When loading a data extract into Snowflake, Adverity creates the following additional columns in the target table:

dt_created: The date the data extract was created.
dt_updated: The date the data extract was last updated.
dt_filename: The automatically generated filename of the data extract.

In addition, Adverity creates a temporary table in Snowflake with the name _stage. This ensures that no partial updates are made to the database (guarantee of atomicity). Adverity deletes this temporary table after the data load is complete or has been aborted.

Loading data in bulk into Snowflake#

You can load data in bulk into Snowflake if you have one of the following storage methods configured in your workspace:

Amazon S3
Azure Blob
Google Cloud Storage

To load data in bulk into Snowflake, you need a master key that allows Adverity to access the database and perform the bulk load. For more information on how to find the master key for your Snowflake, see the Snowflake documentation.

Enter the master key into Adverity when you set up or edit the storage authorization. For more information how to set up or edit your storage, see Setting up authorizations to store data extracts.

Loading data in bulk into Snowflake with Google Cloud Storage#

To load data in bulk into Snowflake when using Google Cloud Storage, you need to configure an integration in Snowflake. For more information, see the Snowflake documentation.

After configuring the integration in Snowflake, add it to the storage configuration in Adverity. To add the integration, follow these steps:

Go to https://{HOSTNAME}/core/datalake/.
Click on the Google Cloud Storage storage name to open the storage configuration.
Scroll down to the Advanced settings section.
In the Parameters text box, add the following line to specify the integration:
```
snowflake_storage_integration ={integration_name}
```

Troubleshooting: Loading data into Snowflake fails after changing the table structure of the data extract#

Data may fail to load into Snowflake because of a change in the table structure of the data extract. To ensure the frictionless operation of production systems, Adverity only modifies existing tables in Snowflake if the changes are considered neutral, such as adding a new field to the table. Changes to the table structure of the data extract are not considered neutral. As a consequence, Adverity does not update the existing table in Snowflake resulting in failure when loading data.

The following actions change the table structure of the data extract:

You change the key columns in the datastream’s Data Mapping. For more information on key columns, see Setting key columns.
You change the data type of a column in the datastream’s Data Mapping.

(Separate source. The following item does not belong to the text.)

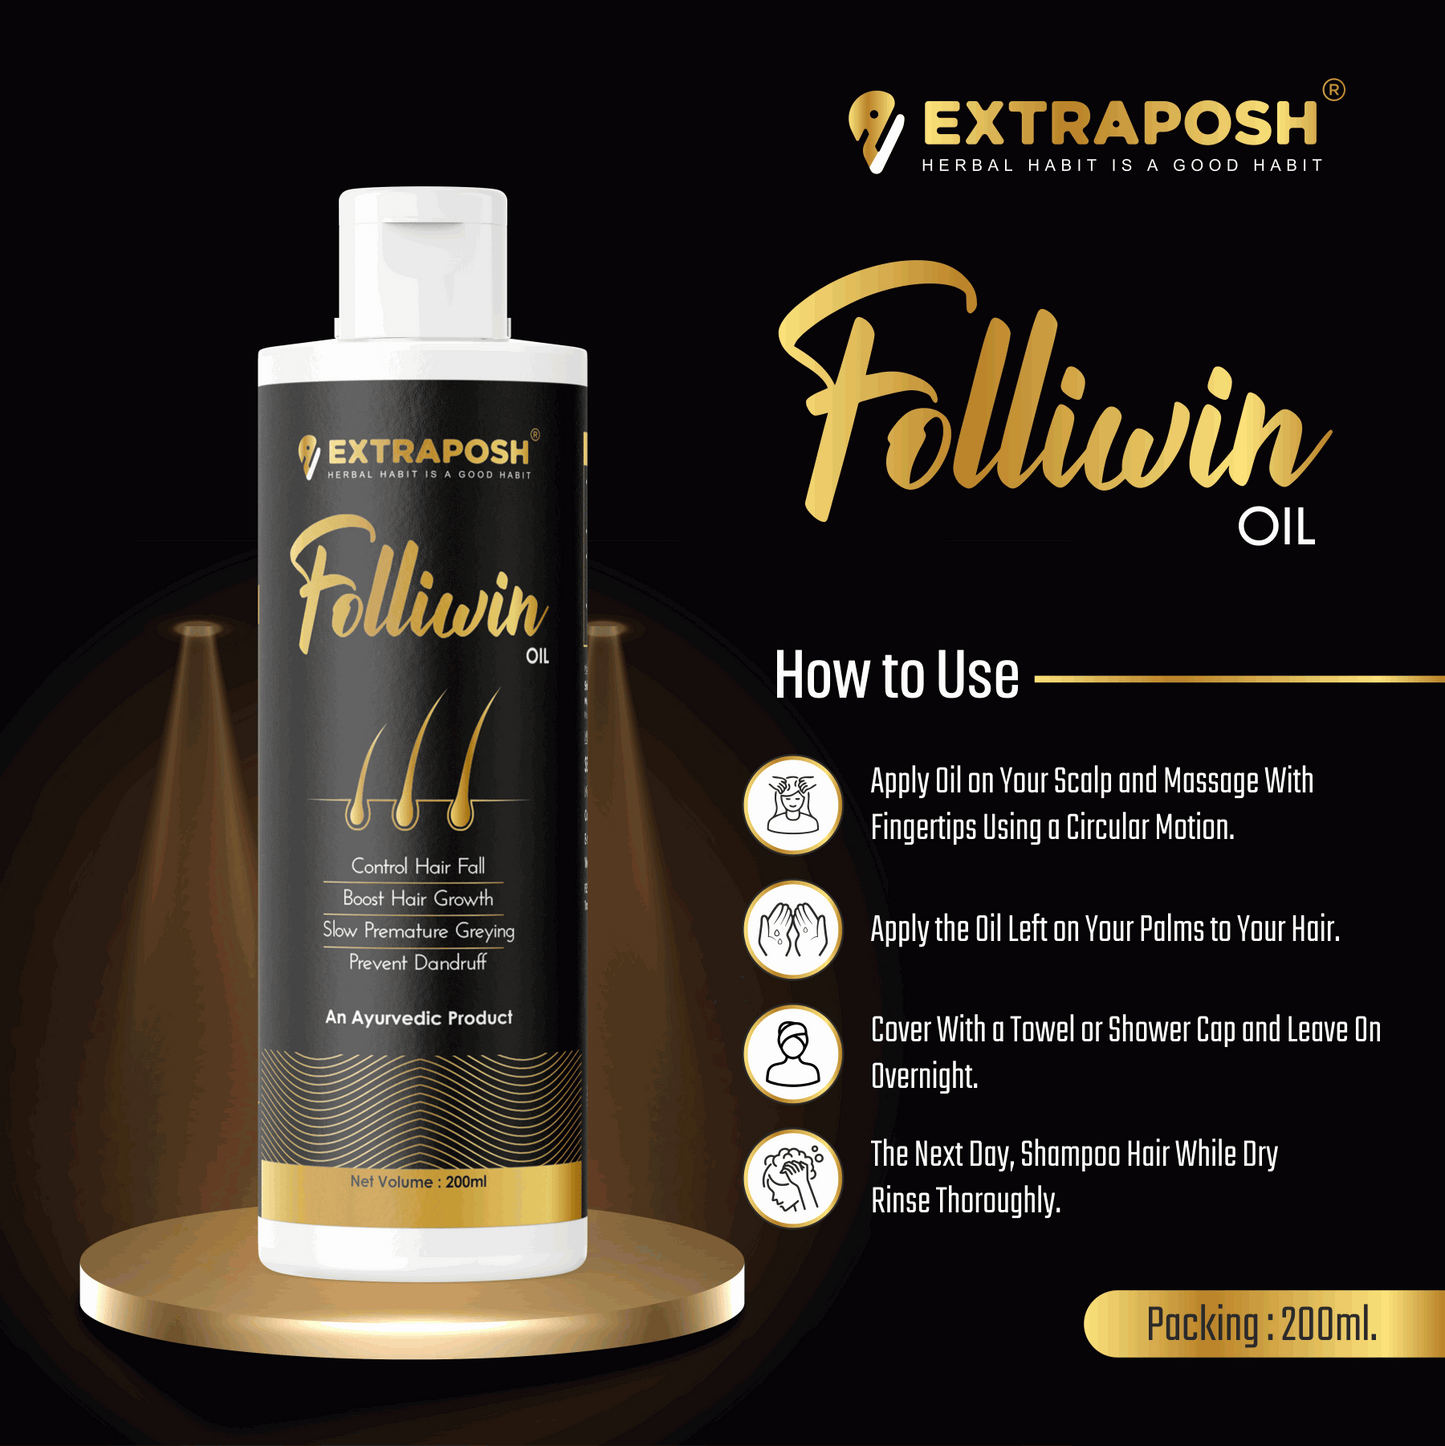 Apply Folliwin hair oil pn ypur scalp and massage with fingers using a circular motion next day shampoo hair while dry rinse thoroughly

For more information on the data types used in Adverity, see Data types used in data harmonization.
You change the maximum character length of values in a column which contains String values.

To resolve this problem, follow these steps:

In Snowflake, modify or drop the table that corresponds to the datastream.
In Adverity, load data from the datastream into Snowflake.

Troubleshooting: Adverity cannot access Snowflake destination#

If Adverity cannot access the Snowflake destination, the destination may restrict access based on IP address.

To resolve this issue, follow these steps:

Find the IP address of your Adverity instance. To find the IP address of your Adverity instance, contact Adverity Customer Support.
Add Adverity’s IP address to the whitelist of your destination.